Three years ago, and thanks to scouting by Committee member Marta Prieto, LRG had organised its 2019 Christmas Party – with a resplendent buffet – at The Glassblower pub.

Our usual venue, The Devereux – also a pub – had closed down, having been sold to developers for conversion – yes, you guessed it – into luxury flats (of which more on page 6). But, in any case, we had decided that the upstairs room was not big enough for the large crowd that usually attends the LRG Christmas Party.

Due to COVID, we could not hold a Christmas Party there in 2020, so it was with great delight that the Committee was able to announce to LRG members that there would be an in-person Christmas Party, back at The Glassblower, on 8 December 2021.
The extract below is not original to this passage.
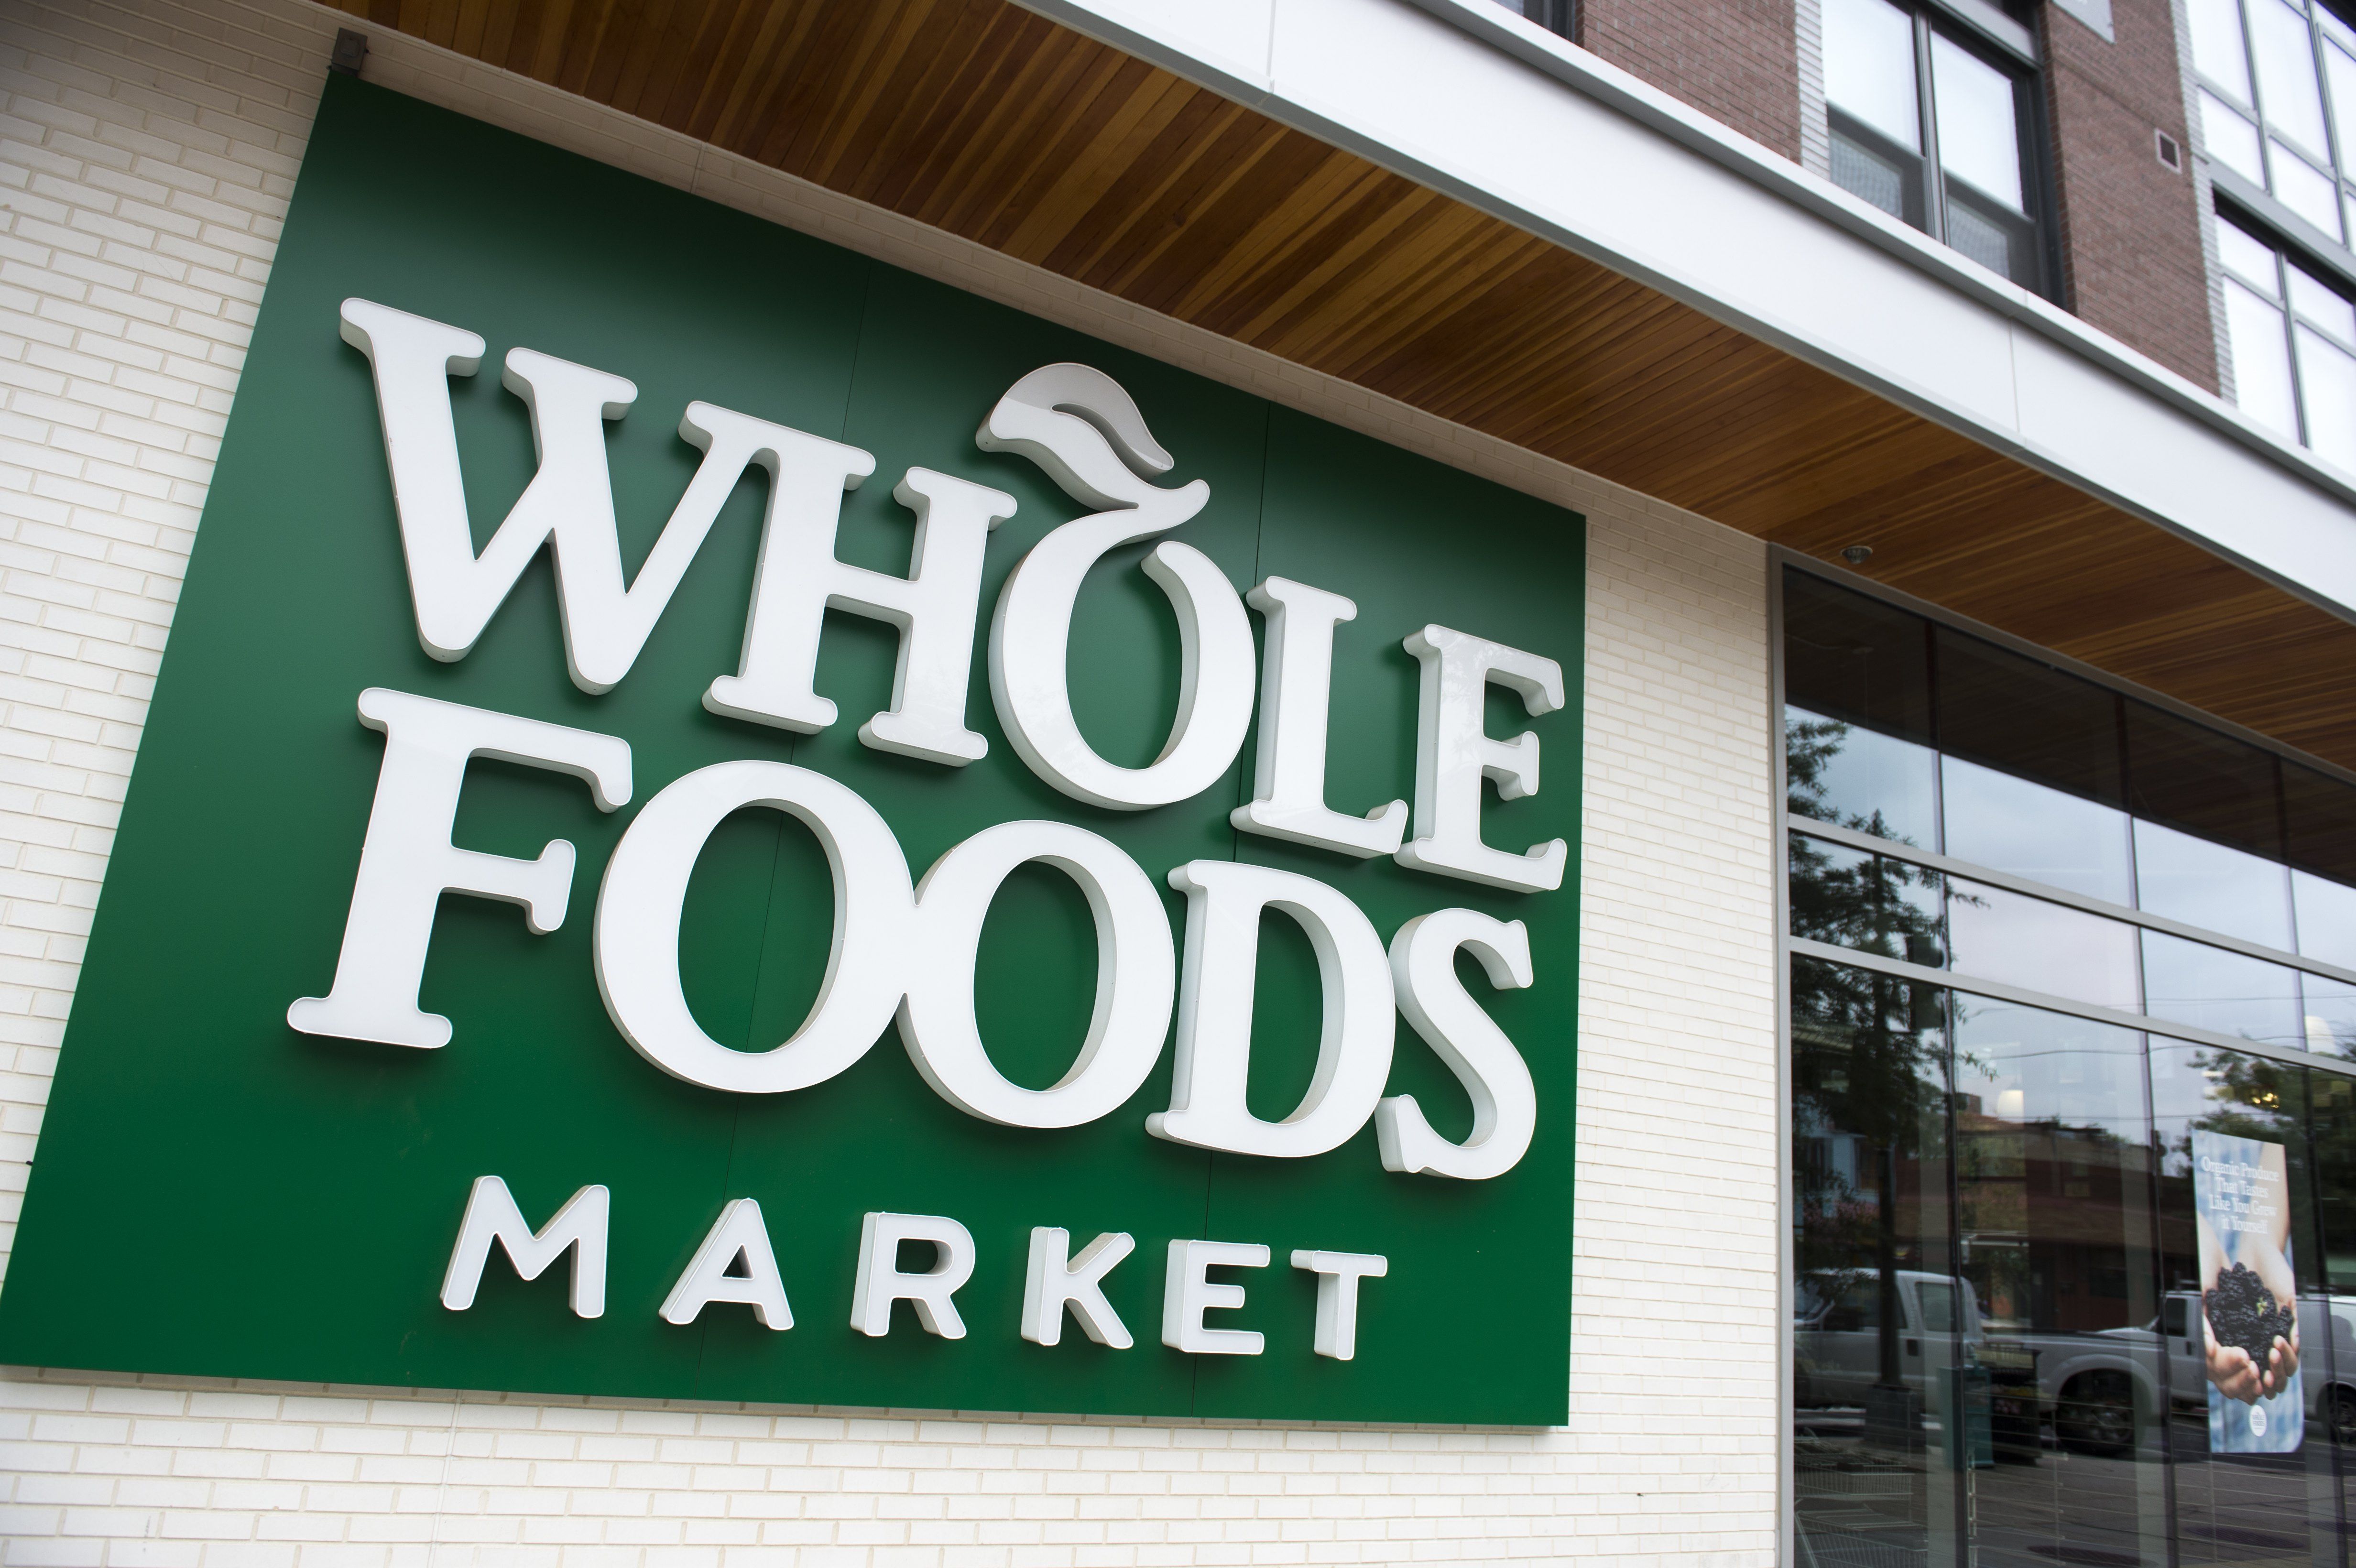 Detroit Whole Foods Market store shoppers should monitor for COVID-19 symptoms - Detroit Free Press

Still mindful of COVID-related precautions, the Committee decided we would not have the usual buffet spread, as that would involve people crowding around the buffet table and serving themselves from bowls and plates from which others would also be serving themselves.

We therefore decided on providing the traditional mince pies, which come in individual foil cases, and slices of stollen and of panettone, together with small, individual bags of nuts, crisps, and savoury crackers. We also bought clementines that came in their own individual wrapping!

Safe arrangements

We arranged several small tables around the very large room, with four to five chairs at each one. Committee members arrived ahead of the designated start time, opened windows, identified an area where guests could leave coats and bags, and started to put the food items on each table. This would minimise the amount of contact people would need to have with one another.

The pub staff were also extremely kind and helpful, providing lots of plates and napkins and putting individual candles on each of the tables.

The room itself looked very festive, with garlands, lights, and Christmas wreaths.

Free bar

Since we had had to cancel the Christmas Party in 2020, the Committee had decided to use some of LRG’s funds to offer the party free-of-charge to all LRG members (there was a small charge for non-members). On arrival, everyone was given three cloakroom tickets, which they could exchange for drinks at the bar – prosecco, mulled wine, wine, beer, and soft drinks.

There was such a buzz as people started to arrive and greet friends and colleagues who they had not seen, in person, for more than a year. Everyone commented on how wonderful it was to be able to do this and there was still a crowd at the bar as late as 11pm! We held a brief AGM in the course of the evening and announced that there would be an online AGM in January 2022.

The room looked very festive, with garlands, lights, and Christmas wreaths

Most Committee members were standing again for election, apart from Daniela Ford, who was stepping down as Webmaster. In her place, we welcomed back Cecilia Lipovsek onto the Committee (see Committee News on page 2).

It had been a lot of hard work and schlepping (Yiddish for ‘hauling’) both before the party and on the way to the pub. But it was definitely worth it, just to see everyone so happy, smiling and generally cheerful after almost 18 months of Zoom meetings.

Face-to-face

The life of the average freelance translator is generally a solitary one, so the average of six events per year, at a pub or university venue, were and are a welcome opportunity to get out of the office or house and meet and exchange news and views – both work related and personal – with fellow professionals.

This had been so much missed since March 2020. We hope to be holding several more in-person meetings in the course of 2022.

Thanks are due to all the members of the LRG Committee who worked so hard to plan and deliver LRG’s 2021 Christmas Party.